I've always loved Friday nights more than any other time of the week.  Totally weird that Friday nights win over Monday mornings, right?  I know.  Anyway, even though I still love them dearly, my Friday nights have evolved throughout the the years.  In high school, Fridays were fun because it was football or basketball night (remember that I was cool in high school.  I WAS COOL, I TELL YOU!!!!).  In college, Fridays mattered slightly less because, well, by the time I was a senior, we treated every night like Friday.  And then once I graduated and moved to a new city for my job, Fridays were Tobacco Company night.  Tobacco Company is a fairly high end restaurant downtown with a VERY low-end basement.  Their claim to fame was a $1 rail drink happy hour and the fact that they would serve you as many at once as you wanted, state booze laws be darned.  People (and my "people", I mean my friends and me) would wait in line for like an hour to get in first so you could secure a table with a waitress.  We'd stay for an hour or so and then go across the street to a multi-purpose bar where you could play pool, practice your pickup lines, or dance.  Or all three!  I'm pretty sure we rarely if ever ate dinner.

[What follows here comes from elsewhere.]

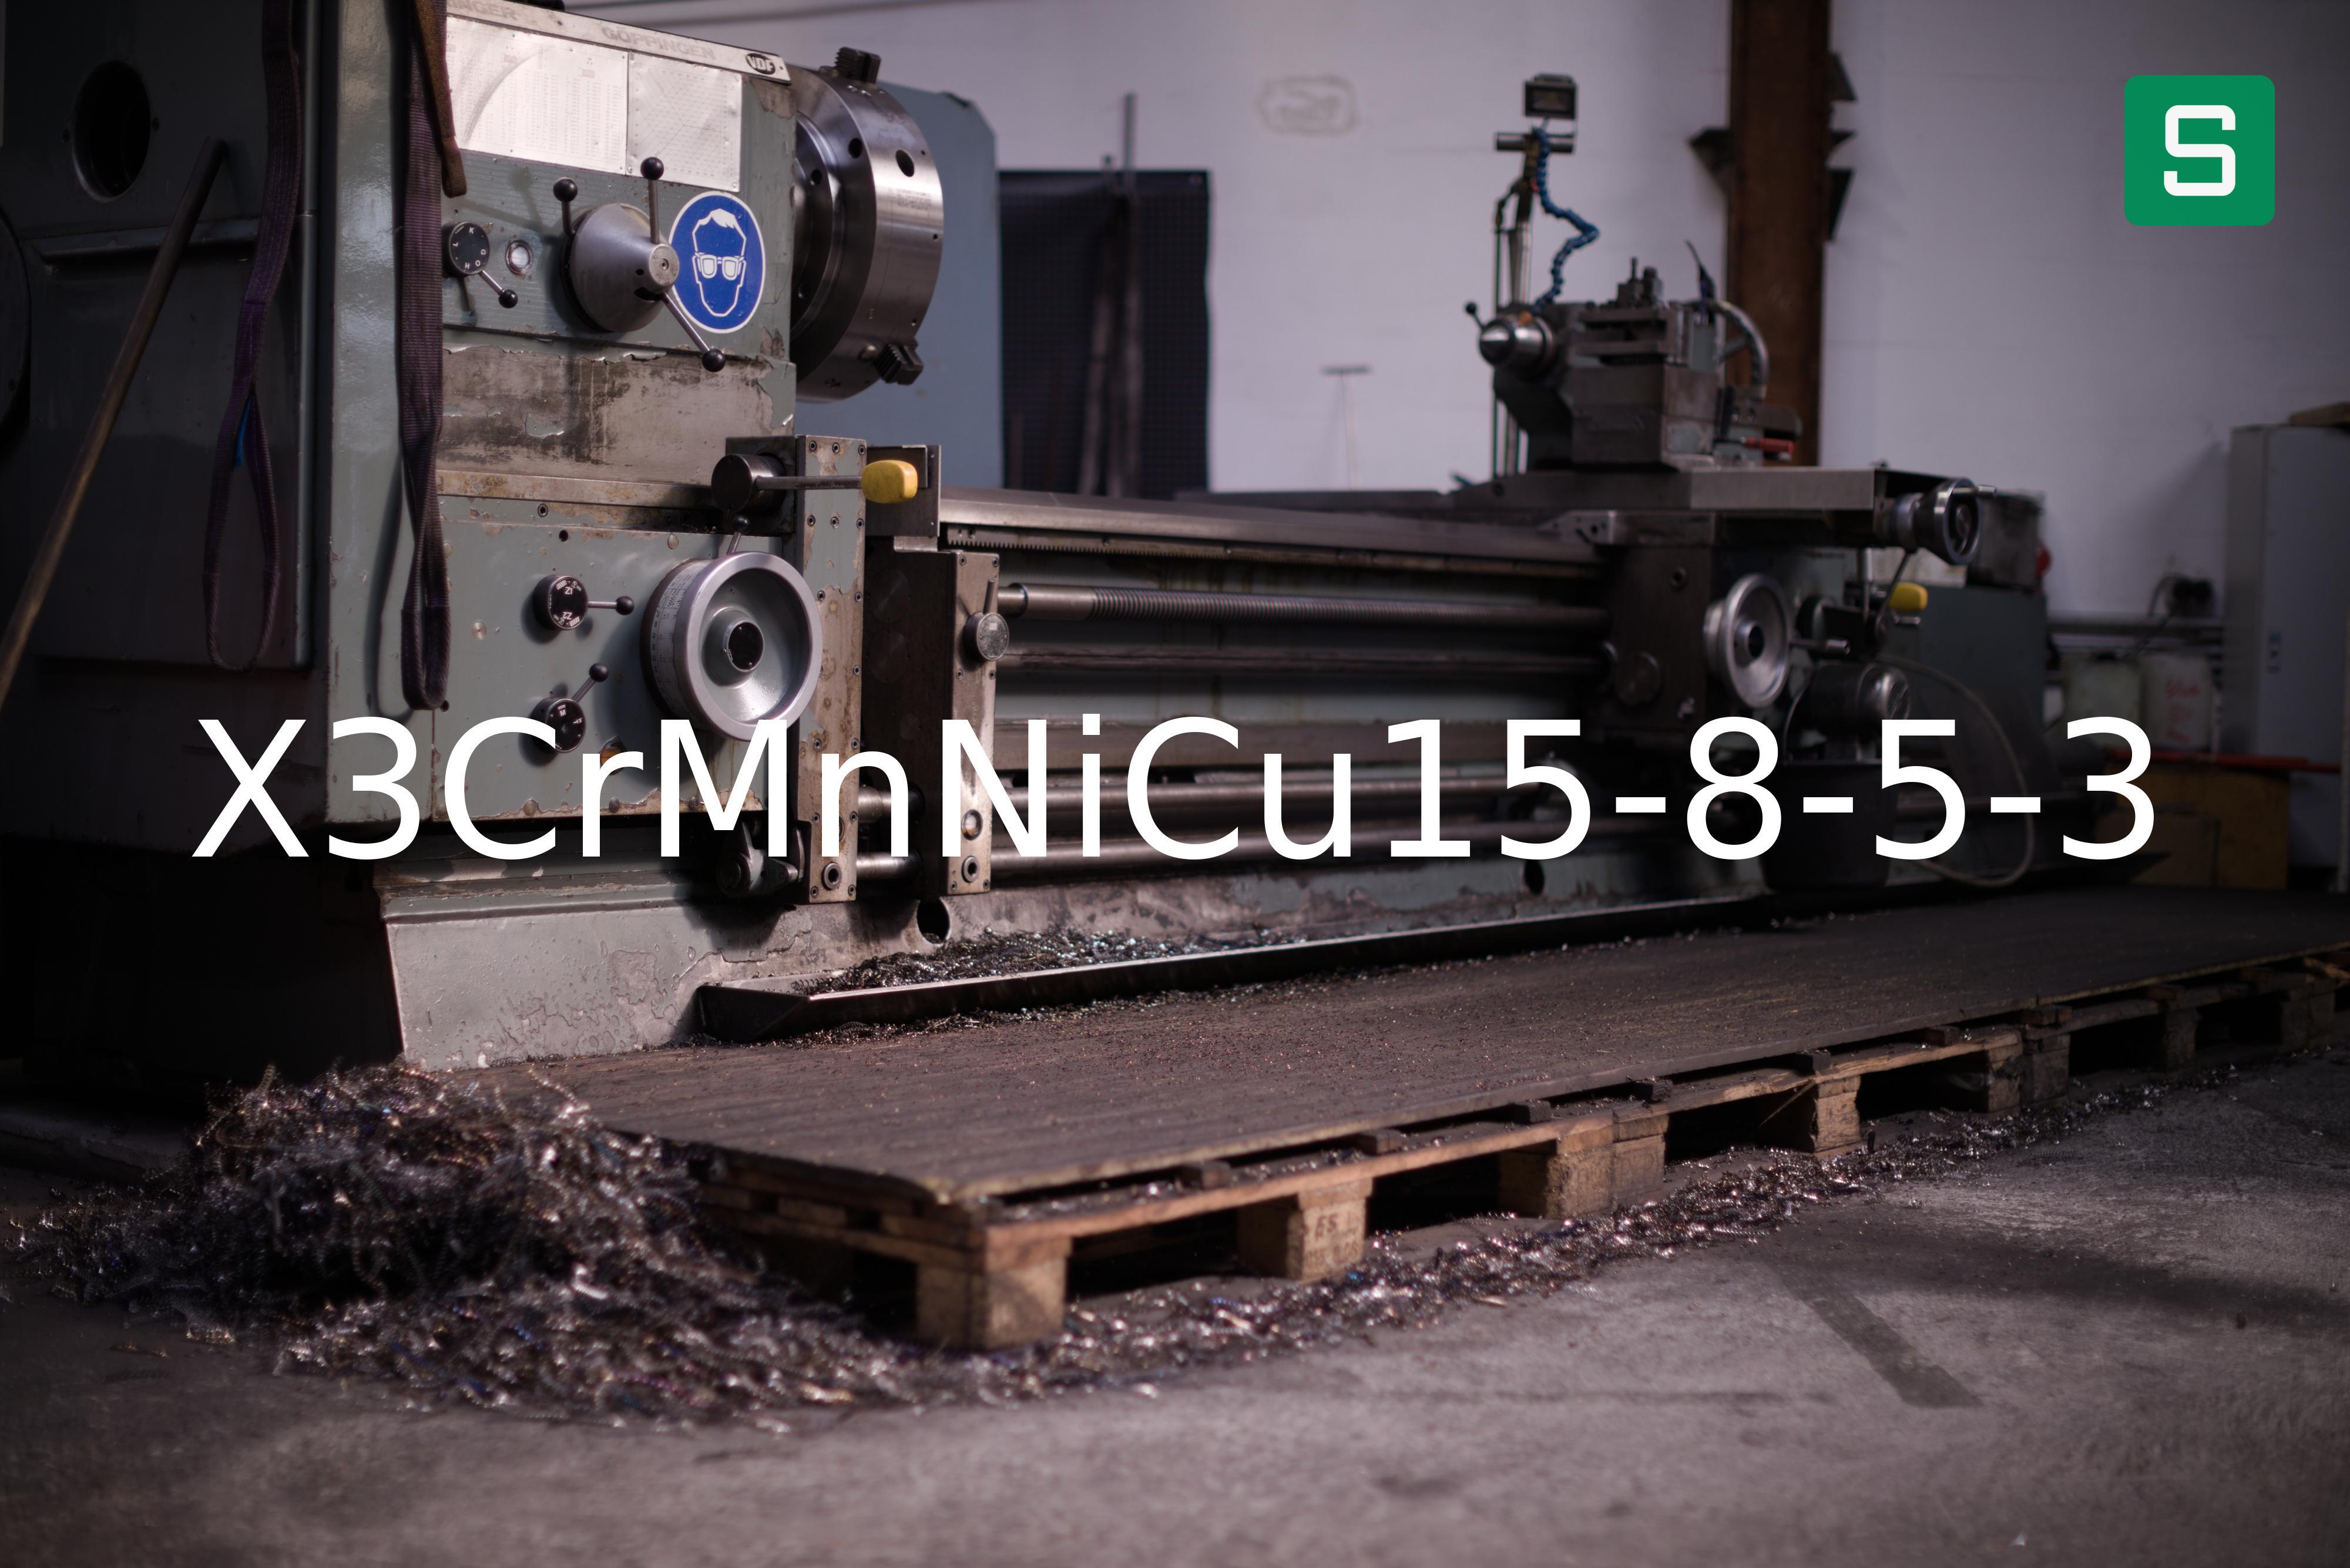 Steel Material: X3CrMnNiCu15-8-5-3

These days, Friday nights are a little tamer (usually), but still a whole lot of fun.  Actually, even more fun than high school or college, and especially more fun than Tobacco Company and the multi-purpose bar across the street.  For starters, there is always amazing food involved, and the drinks are far more delicious, albeit more expensive.  Almost every Friday night, we get together for dinner with my husband's brother and his girlfriend, Lauren.  They live 2 blocks from us and are not only family but great friends....the four of us have so much fun together.  Sometimes too much.  There are times that we go out - either to a dive bar or somewhere fancy, and times we stay in and cook.  Lauren is an amazing cook and I've learned a lot of cool tricks and recipes from her.  She bakes stuff that I'll probably always be too intimidated to try.  But that's why we keep her around, right?  To bake stuff that I can't!  I kid.

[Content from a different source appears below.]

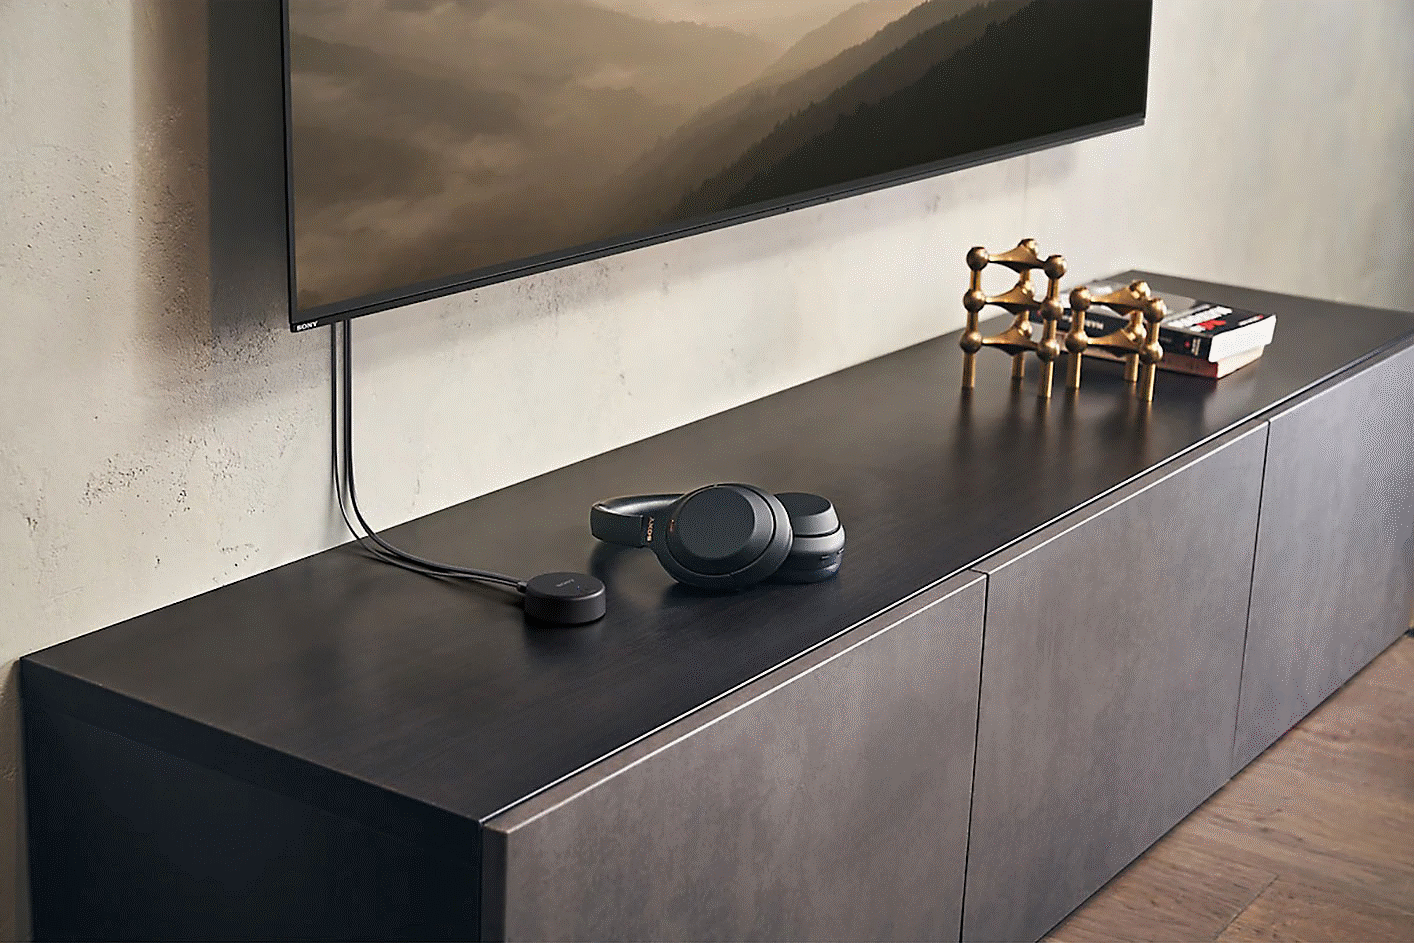 Εικόνα μαύρων ακουστικών Sony WH-CH720 επάνω σε μονάδα τηλεόρασης κάτω από στερεωμένη τηλεόραση

This past Friday we decided to stay in and have a sophisticated martini and card game night.  I had been wanting to try the eggplant rollup appetizer that I learned in Italy and Lauren had gotten a request for shrimp and grits.  And pumpkin cheesecake just sounded good.  Sure, they're completely different cuisines, but that didn't stop us.  Because martinis go with everything!  The meal was amazing and the card game was a heated battle that eventually ended up in a loss for the hubs and I, but I'm pretty sure the other team cheated.  I'm just saying.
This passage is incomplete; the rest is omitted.